Huawei OceanStor A600 — (Image credit: Future)

AI Training: Minimizing Downtime, Maximizing Efficiency

When training large-scale AI, training runs can last for up to 2.6 days on average before hardware failures, maintenance, or other interruptions force a stop. When this happens the system must start from a checkpoint. These checkpoints involve massive amounts of data that requires a lot of time to read and write to the system.

This means that while the storage is doing its job, GPUs that are often the most expensive part of the system are sitting ideally waiting for tasks. Huawei’s OceanStor A series storage can reduce the time it takes to save and restart from checkpoints, lowering the time it takes to train AI and fully utilize the entire computing system.

A real world example is iFLYTEK. Huawei’s OceanStor A series storage reduced checkpoint recovery time to just one minute and GPU utilization jumped from 30% to 60%.

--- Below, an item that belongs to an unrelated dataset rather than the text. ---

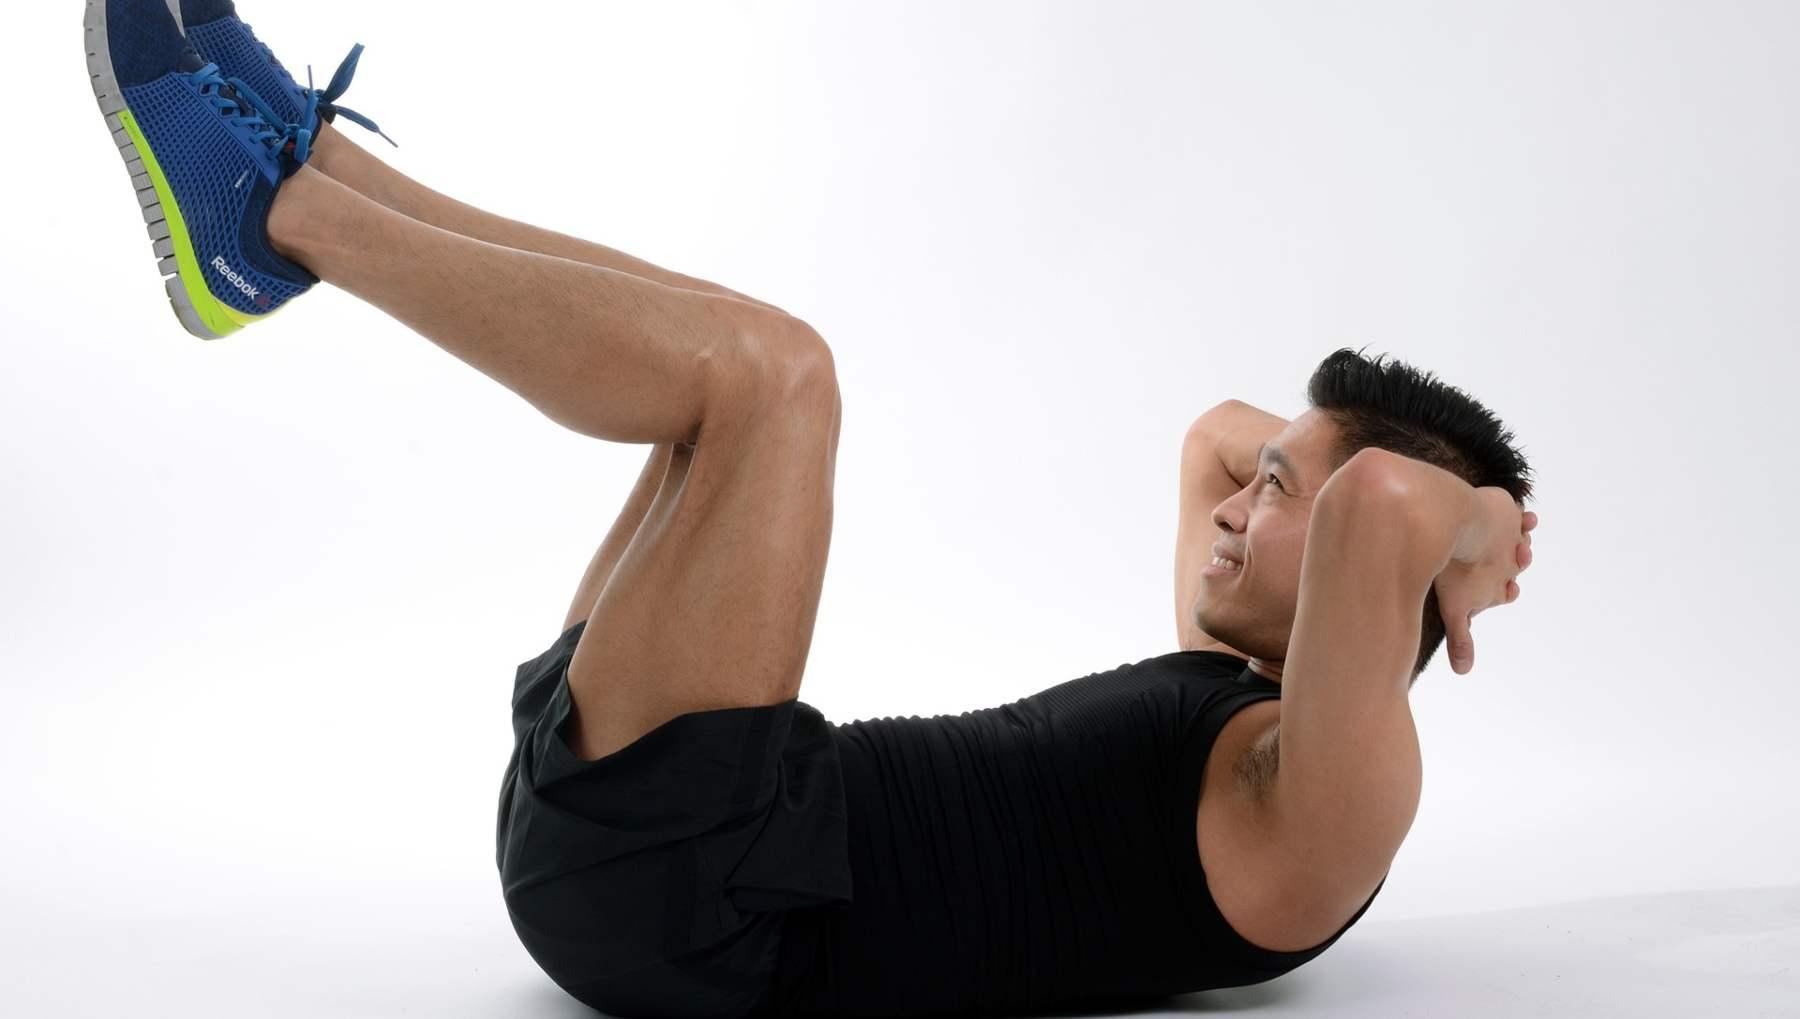 Técnica de vacío abdominal

AI Inference: The Memory Revolution

When it comes to data and AI scenarios Huawei says that the industry is now moving from requirements for AI training to more AI inference. At Huawei Connect was Dr. Peter Zhou, Vice President of Huawei and President of Huawei Data Storage Product Line who delivered a speech saying that "The demand for inference has surpassed that for training. In terms of output speed, mainstream large models abroad operate at a speed of 200 tokens per second (with a latency of 5ms), while Chinese large models lag behind by a factor of 10, with inference latency exceeding 1 minute, urgently requiring optimization."

This is where Huawei's Unified Cache Manager (UCM) technology becomes crucial. The UCM technology avoids redundant calculations by referencing historical data, clearing redundant KV Cache information to shorten the length of inference text, and predicting inference input and automatically matching optimal results through streamlining sequence length. It allows for breakpoint continuation which resolves the issues when tasks are required to restart when prefill/decode resources are scaled.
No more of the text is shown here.